Using KafkaSpout, ack-ing a tuple twice causes timeouts? - apache-storm

My topology uses the default KafkaSpout implementation. In some very controlled testing, I noticed the spout was failing tuples even though none of my bolts were failing any tuples and I was certain all messages were being fully processed well within my configured timeout.
I also noticed that (due to some sub-classing structure with my bolts), one of my bolts was ack-ing tuples twice. When I fixed this, the spout stopped failing tuples.
Sorry that this is more than a sanity check than a question, but does this make sense? I don't see why ack-ing the same tuple instance twice would cause the Spout to register timeouts, but it seems it was in my case?

It does make sense.
Storm tracks all of the acks (direct and indirect) for a tuple emitted by a spout in an odd but effective manner. I'm not sure of the exact algorithm, but it entails repeatedly XOR'ing what was originally the spout-emitted tuple ID with the ID's of subsequent anchored tuple ID's. each of those subsequent ID's is XOR'ed twice - once when the tuple is anchored and once when the tuple is acked. When the results of an XOR is all zero's, then the assumption is that each anchor was matched by an ack and the original spout-emitted tuple has finished processing.
By ack'ing some tuples more than once, you made it seem that some of the spout-emitted tuples were not finished completely (because an odd number of XOR's will never zero out).

Related

Tuples failing at the spout, and seems they are not even reaching the Bolt

I have a topology running for a few days now and it started failing tuples from last couple of days. From the logs it seems that the tuples are not reaching the bolts, attached is the Storm UI screenshot.
I am ack'ing the tuples in finally in my code, so no case of un'acked tuples, and the timeout is set at 10sec, which is quite high than the time shown on the UI.
Any Hints ?enter image description here
The log you're seeing is simply the Kafka spout telling you that it has fallen too far behind, and it has started skipping tuples.
I believe only acked tuples count for the complete latency metric https://github.com/apache/storm/blob/a4afacd9617d620f50cf026fc599821f7ac25c79/storm-client/src/jvm/org/apache/storm/stats/SpoutExecutorStats.java#L54. Failed tuples don't (how would Storm know what the actual latency is for tuples that time out), so the complete latency you're seeing is only for the initial couple of acked tuples.
I think what's happening is that your tuples are reaching the bolt, and then either you're not acking them (or acking them more than once), or the tuples are taking too long to process so they time out while queued up for the bolt. Keep in mind that the tuple timeout starts when the spout emits the tuple, so time spent in the bolt's input queue counts. Since your initial couple of tuples are taking a while to process, I think the bolt queue gets backed up with tuples that are already timed out. The bolt doesn't discard tuples that are timed out, so the queued timed out tuples are preventing fresh tuples from being processed in time.
I'd raise the tuple timeout, and also cap the number of pending tuples by setting topology.max.spout.pending to whatever you think is reasonable (something like the number of tuples you think you can process within the timeout)

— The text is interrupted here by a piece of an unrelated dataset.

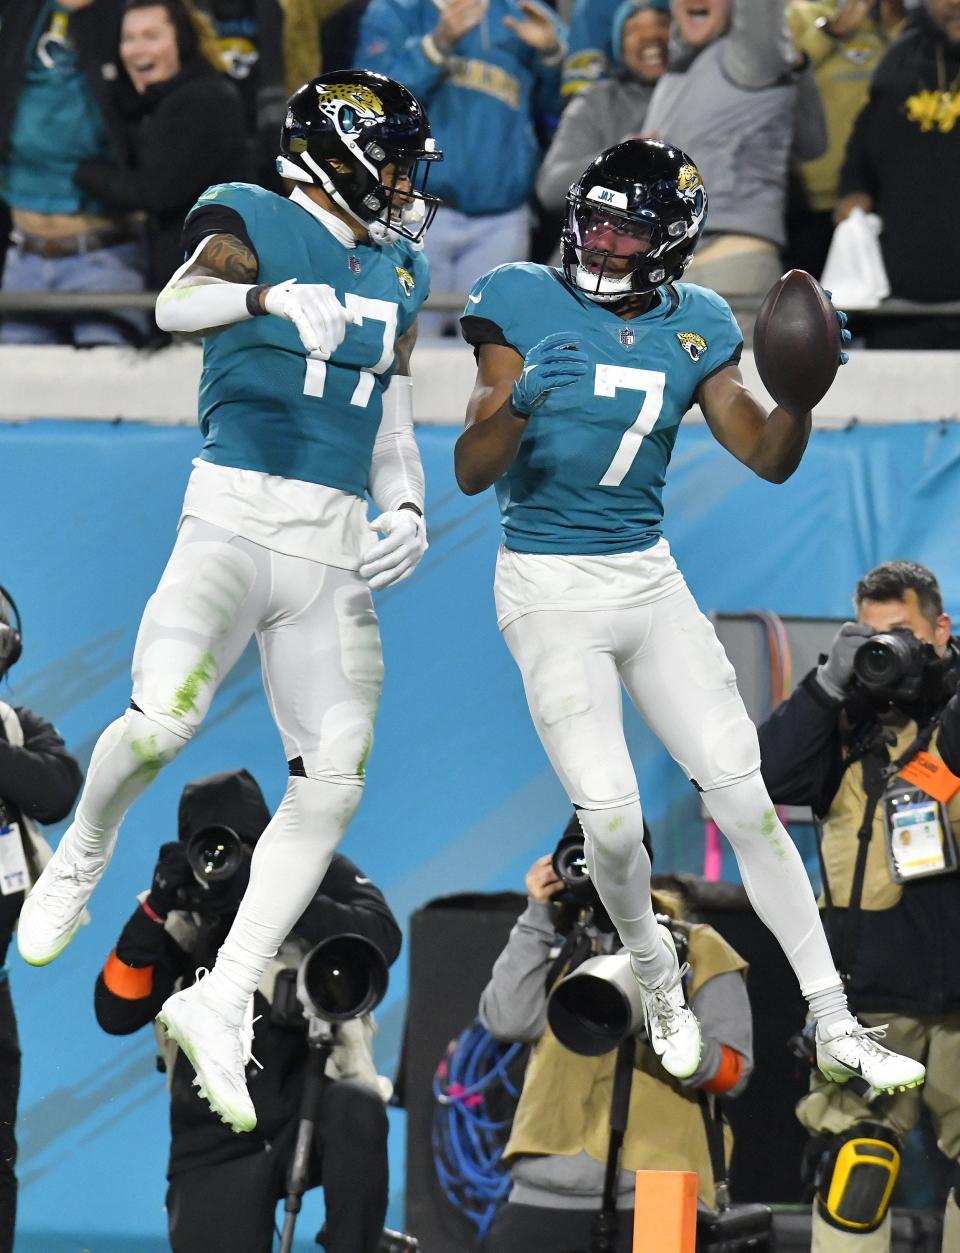 Jacksonville Jaguars tight end Evan Engram (17) celebrates with teammate wide receiver Zay Jones (7) after Jones' late third quarter touchdown. The Jacksonville Jaguars hosted the Los Angeles Chargers in their first round playoff game Saturday, January 14, 2023 at TIAA Bank Field in Jacksonville, Fla. The Jaguars trailed 27 to 7 at the half but came back to win the game 31 to 30. [Bob Self/Florida Times-Union]

With Storm, is there significant benefit to anchoring my tuples in this case?

During my stream my tuples do not split in anyway. One action is eventually performed out for each tuple in.
I can still fail them if they run into some sort of exception that they might conquer if replayed by my KafkaSpout. Though, I don't know how my spout knows which tuple to replay when they're not anchored, but in testing it seems to replay the right one. Is this expected, the KafkaSpout implementation tracks tuples/messages in some way I'm not aware of? Am I possibly anchoring an not realizing it (my bolts extend BaseRichBolt)? Possibly I'm just mistaken that it replays the correct one?
But if manually failing does work, then I believe the only benefit I get from anchoring is that my tuple will be replayed when it times out -- which I'm not sure is worth the overhead of anchoring.
Am I correct about this? Is there some other significant benefit to anchoring in this case?
BaseRichBolt does not do any anchoring automatically (BaseBasicBolt would do this). Thus, the behavior you describe should only work if you have simple Spout -> Bolt topology. For deeper topologies, ie, Spout -> Bolt1 -> Bolt2 and no anchoring in Bolt1, failing of tuples in Bolt2 cannot work.
Using KafkaSpout each tuple emitted gets a MessageId assigned, thus fault-tolerance mechanism is activated. Thus, each tuple must get acked in the first Bolt receiving those tuples; otherwise, the tuples time-out eventually. Tuples emitted in Bolt1 should get anchored (otherwise, those tuples get not tracked, cannot fail---neither manually in Bolt2 or per time-out---and cannot get replayed in case of failure).
Thus, anchoring is a pure fault-tolerance mechanism. You should actually always anchor tuples because anchoring itself does not enable fault-tolerance; assigning MessageIds in Spout does enable it. If a Bolt processes a tuple that does not have an ID assigned, the anchoring call will do "nothing" and the overhead of an additional method call is tiny. Therefore, adding anchoring code is usually a good choice, because the Bolt can be used with or without fault-tolerance enabled (depending if the Spout assigns messaged IDs or not). If you omit the anchoring code, fault-tolerance will break in this Bolt and downstream tuples cannot get recovered on failure.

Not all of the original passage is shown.